## REQUIREMENT
Reproduce the listing below exactly, minus its pictures.

BEGIN THE DATA

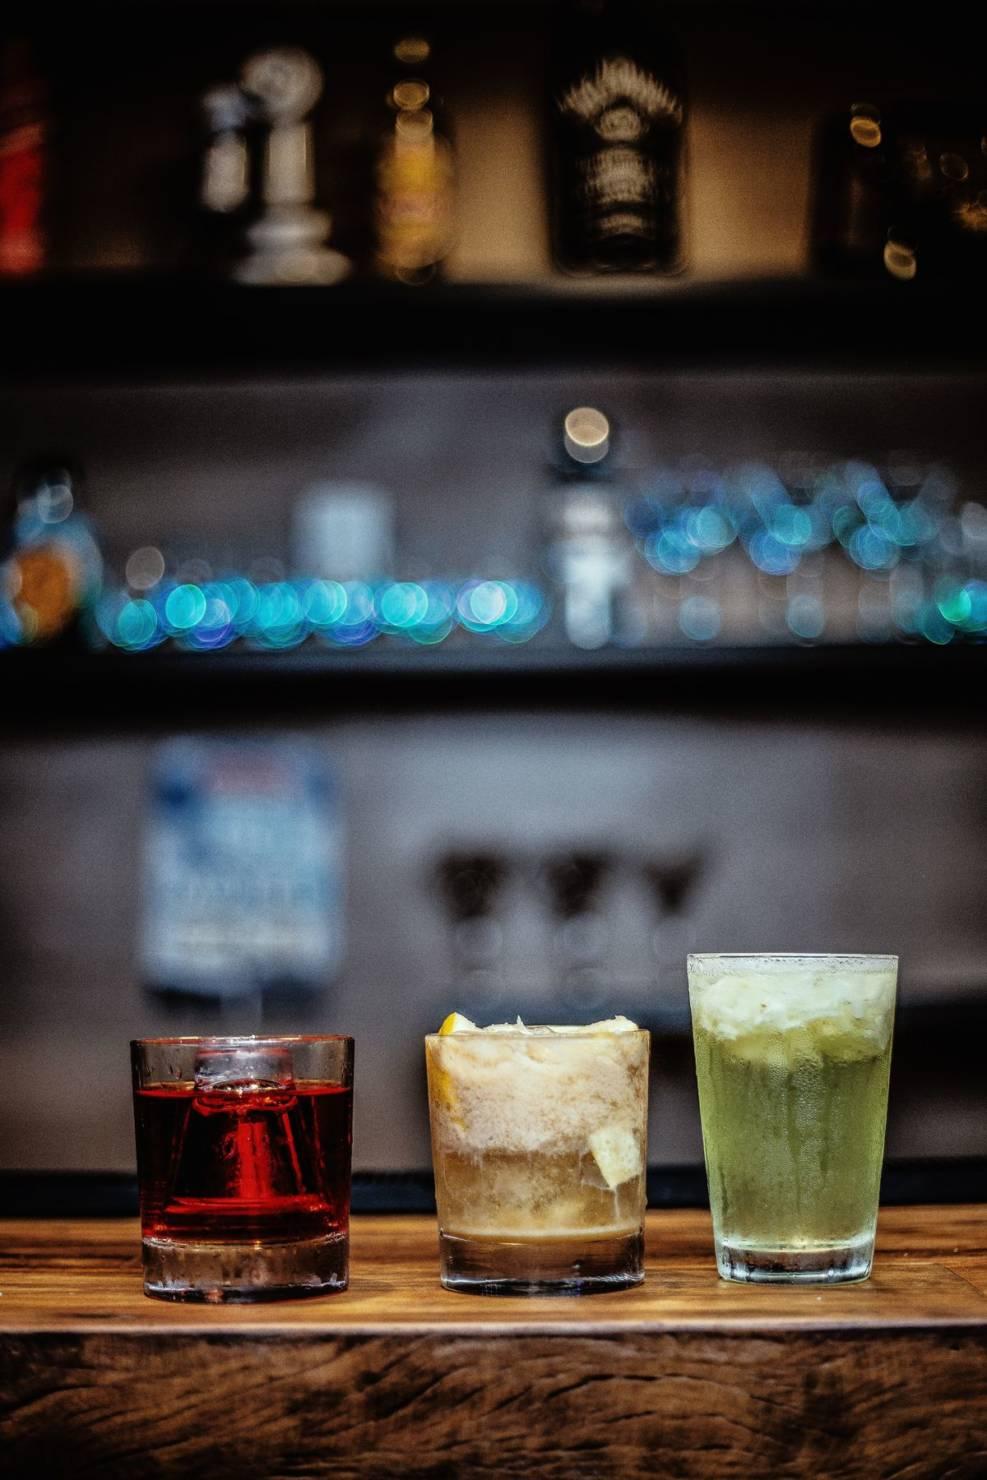 сиропы, miller miller, сиропы миллер,конкурс для барменов, лучшие бармены, барный конкурс, dce magazine, креативная подача
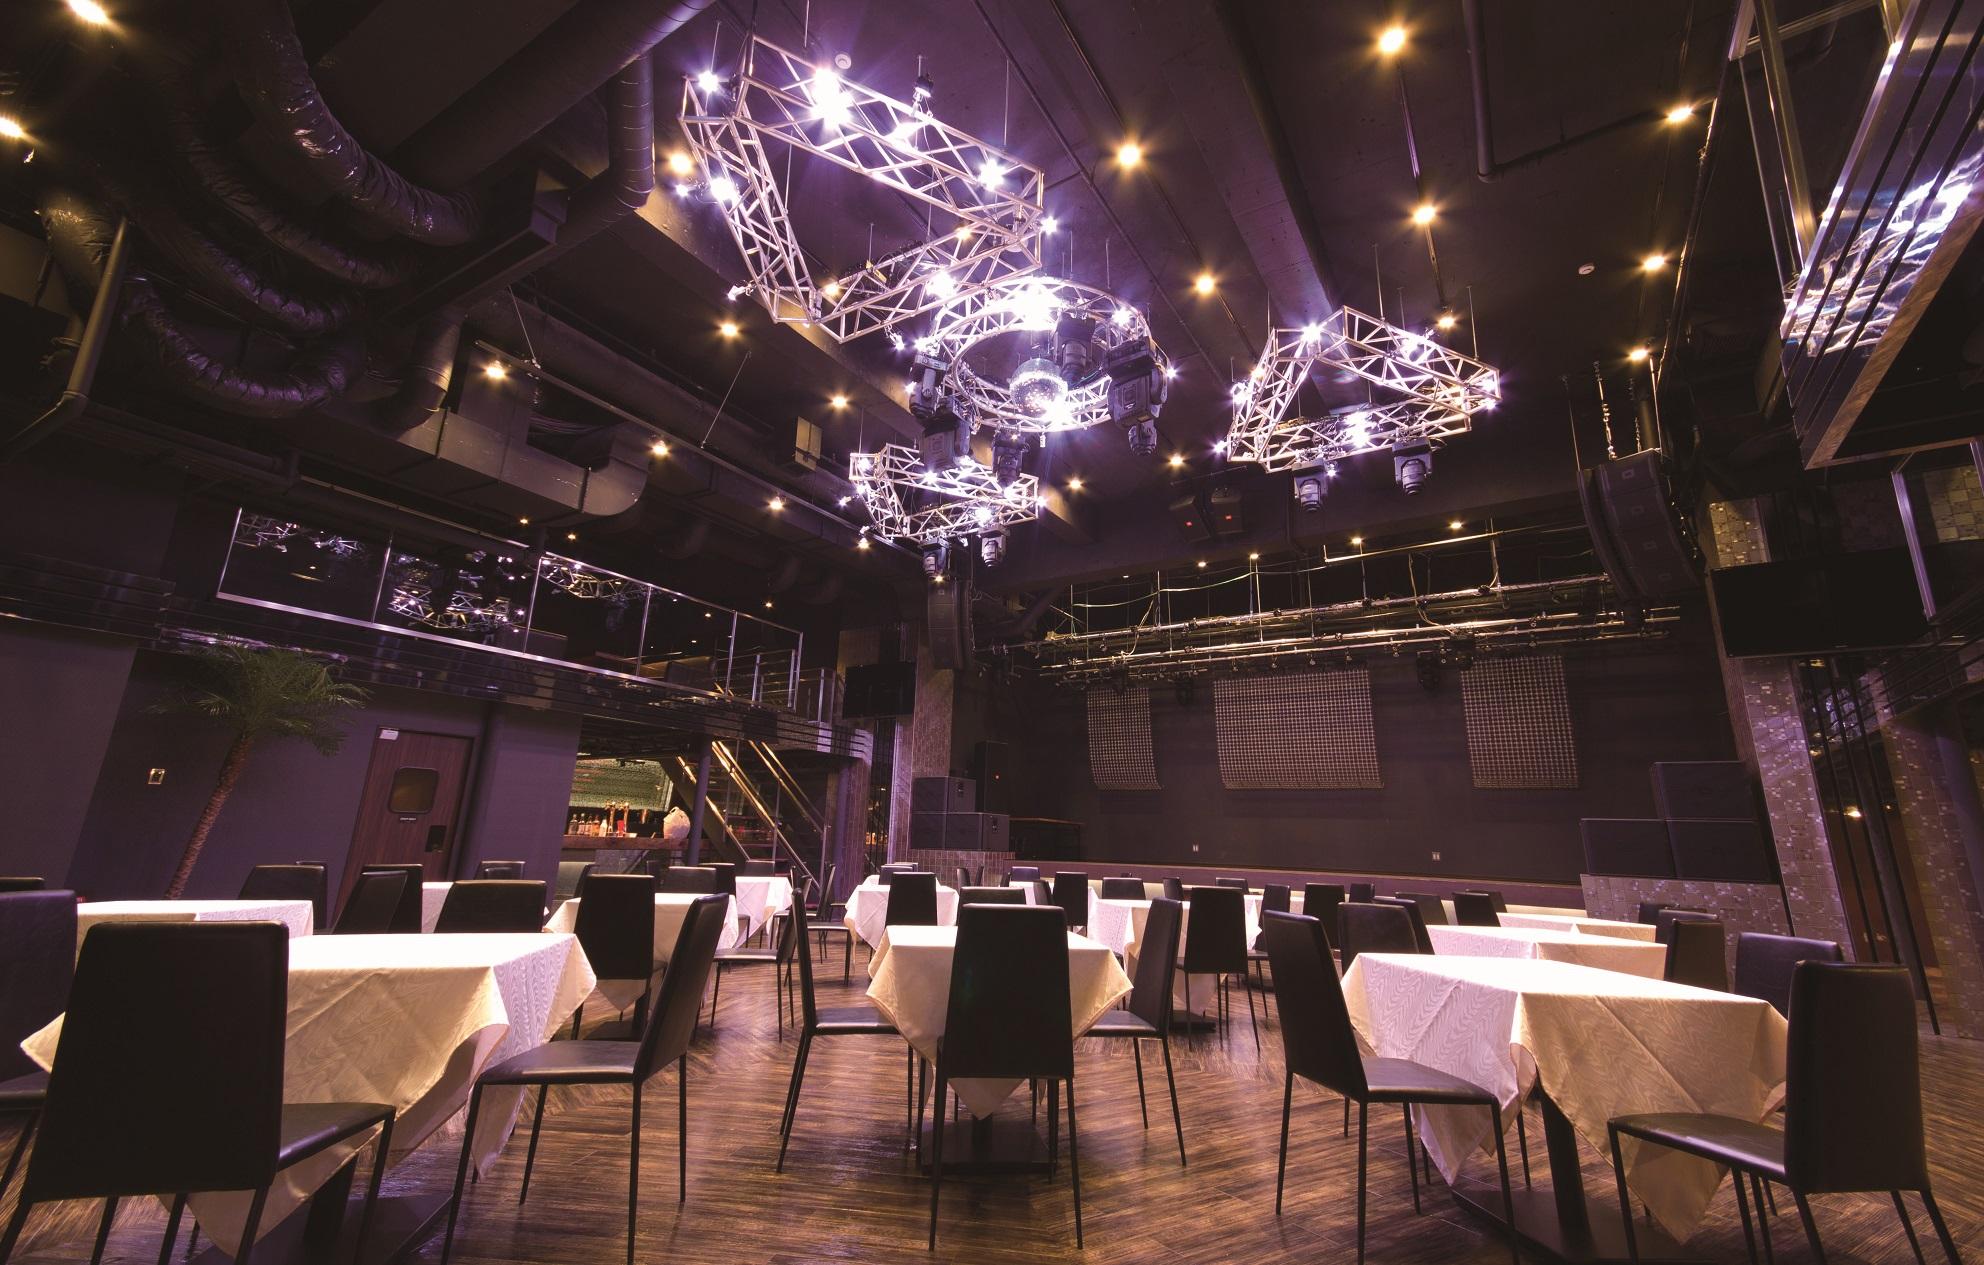 7F PARMS 食事付きのLIVEや、ディナーショーにも最適な会場です。
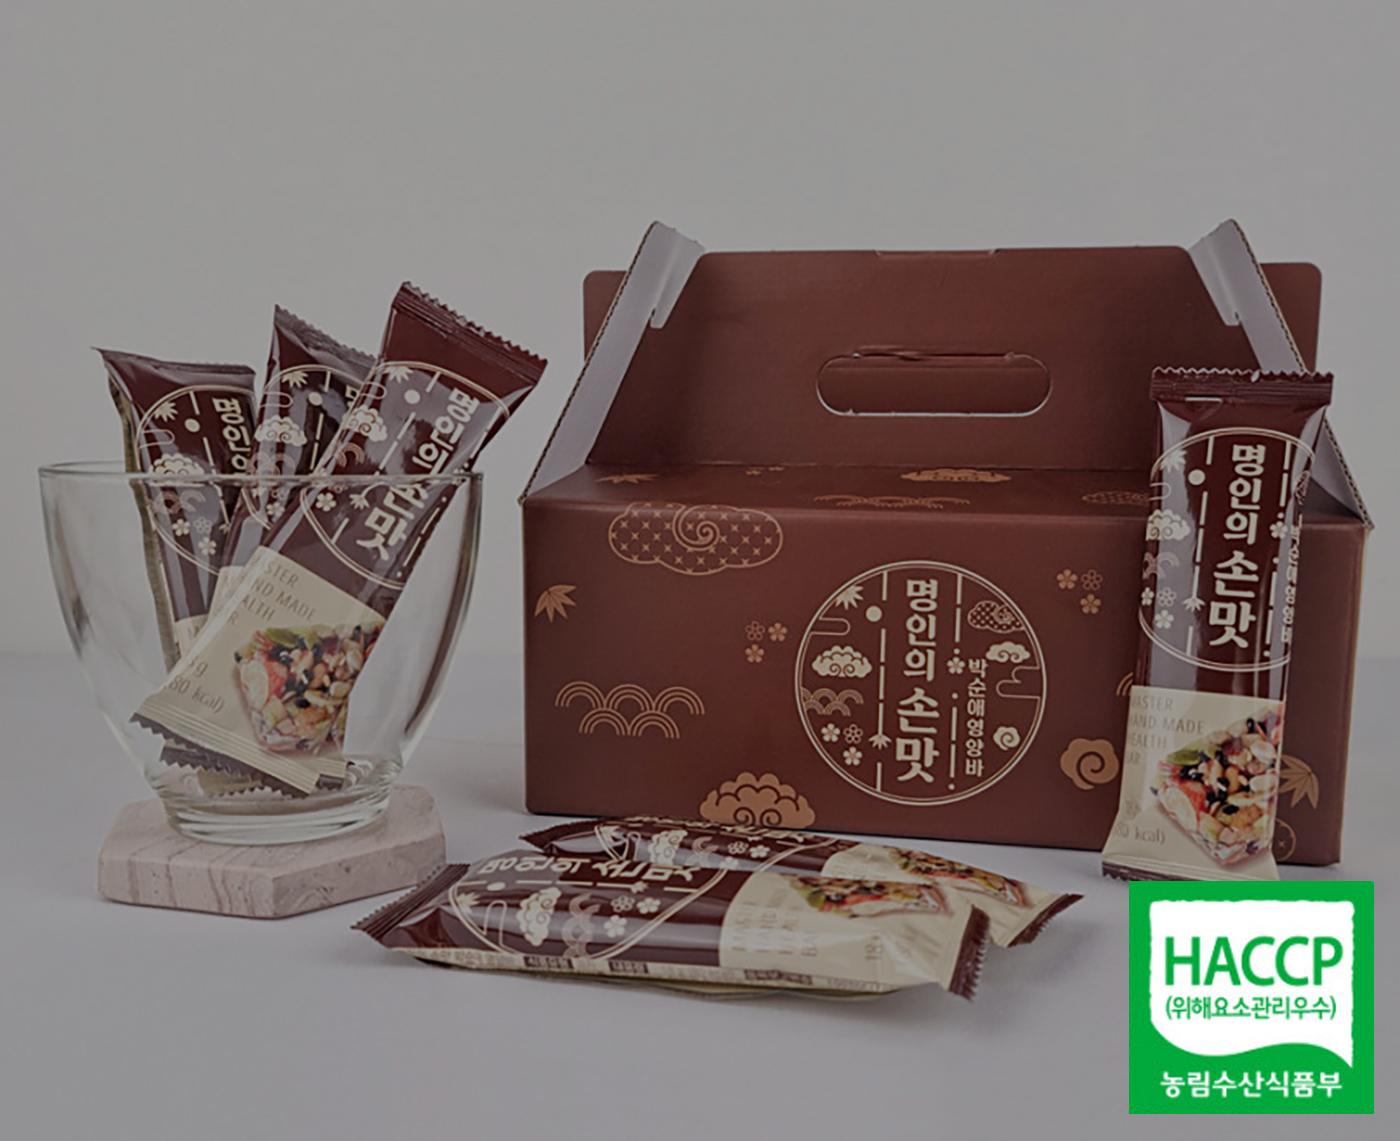 [박순애 명인] 수제 견과 유기농 영양바 세트(30개입) 상세이미지5

END THE DATA

## REPLY TO THE EXERCISE
 сиропы, miller miller, сиропы миллер,конкурс для барменов, лучшие бармены, барный конкурс, dce magazine, креативная подача
 7F PARMS 食事付きのLIVEや、ディナーショーにも最適な会場です。
 [박순애 명인] 수제 견과 유기농 영양바 세트(30개입) 상세이미지5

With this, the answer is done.